Things brings us to the only workable solution, a hybrid of the two aforementioned solutions. Specifically, one must have the stored procedure be in a file of its own, and that file must be an ARM. The former property ensures clean diff operations and the latter property ensures that procedures are updated when they ought to be and no sooner. The actual diff operation entails using a stand-alone diff as opposed to the VCS’s diff but this proves tolerable enough (the author furthermore recommends the KDE program “kompare”).
Of course, one might already be well into a Rails project by the time such a realization occurs. As such a bit of history revisionism may be in order. There may be an ARM that creates a table, then creates a stored procedure, then creates a trigger to bind the stored procedure. To get the proverbial house in order, break this ARM into three distinct ARMs, one that firstly creates the table, another that secondly creates the stored procedure, and finally one that binds the stored procedure with a trigger. There is, however, a gotcha in all this. Recall the way in which”rake db:migrate” figures out which migrations to apply. To hack around this, one must do the ARM-break-apart operation and then fake out the Rake task by inserting the version numbers of those newly created tasks into the schema_versions table, thus preventing the Rake task from blowing up when, say, it cannot create a table that already exists.

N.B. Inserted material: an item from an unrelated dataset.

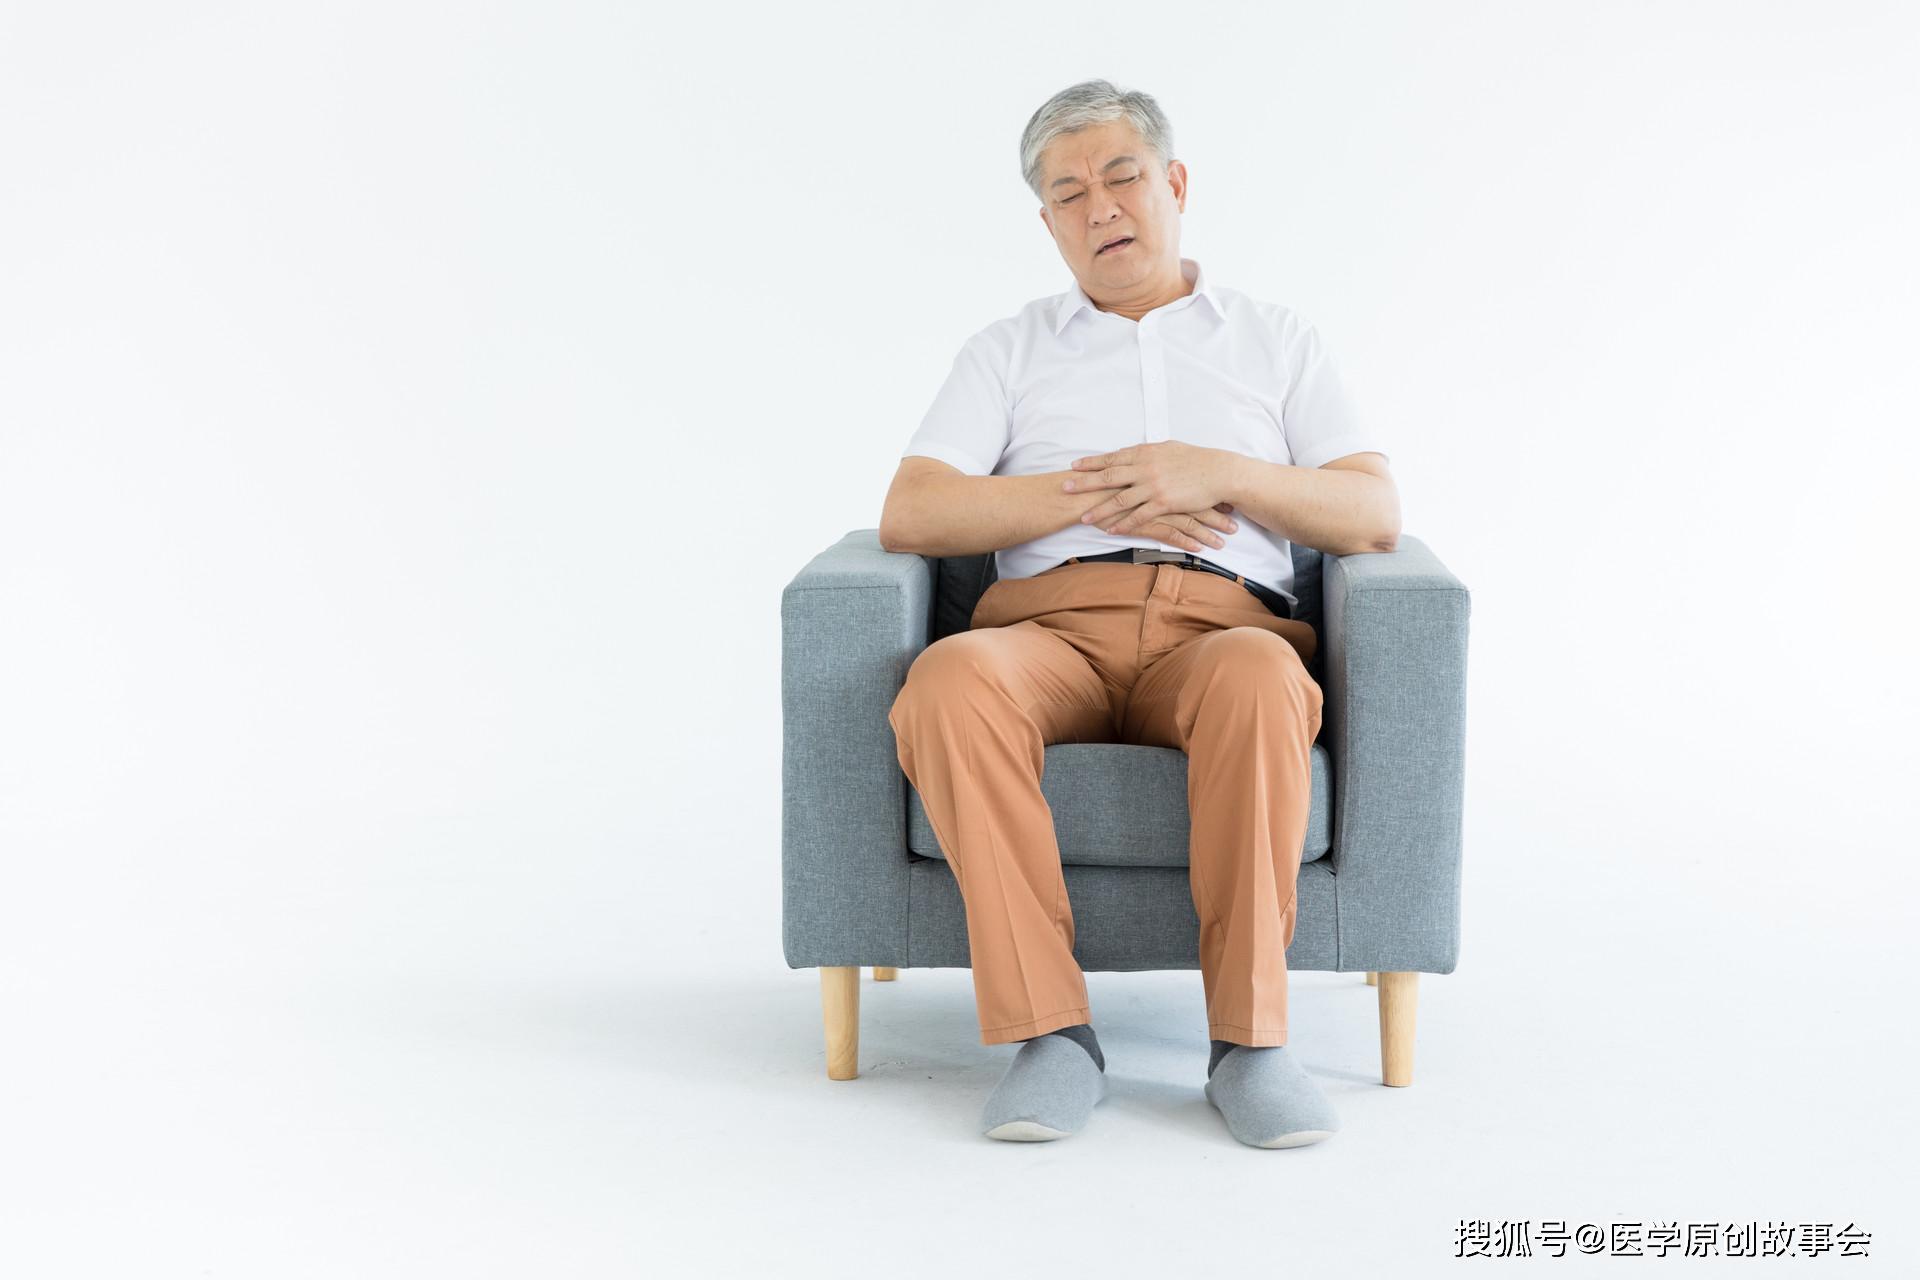 原创寿命短的男人,55岁会有五个癌症坎,若你五个都没有,恭喜很健康

Having done all this, the VCS may prove a little confounded in its commentary. This fix-up basically “explodes” one file into three. When the author first attempted this with Git as his VCS, a “git status” command reported there as being three operations, namely a move, a rename, and a copy. Git makes a valiant effort to be clever by implementing “code following”, but doing something really wacky such as this leaves it making some moderately humorous guesses as to what the hell has happened.
Coming to the end of our journey, let us consider the implications of homing stored procedures in ARMs. Whereas in the case of storing functions in “regular” files one can find them easily, storing them in ARMs poses the “where the hell is the latest definition?” problem. Naming conventions to the rescue… A simple but consistent way of naming ARMs makes answering such a question trivial. Use names such as table_foo_adds_column_baz, proc_bar_caches_calculated_baz_value, and so forth, and finding the file containing the latest definition for the “bar” function becomes a simple matter of “ls db/migrations | grep proc_bar | tail -n 1”.
You just have to know how to use your tools.
— AWG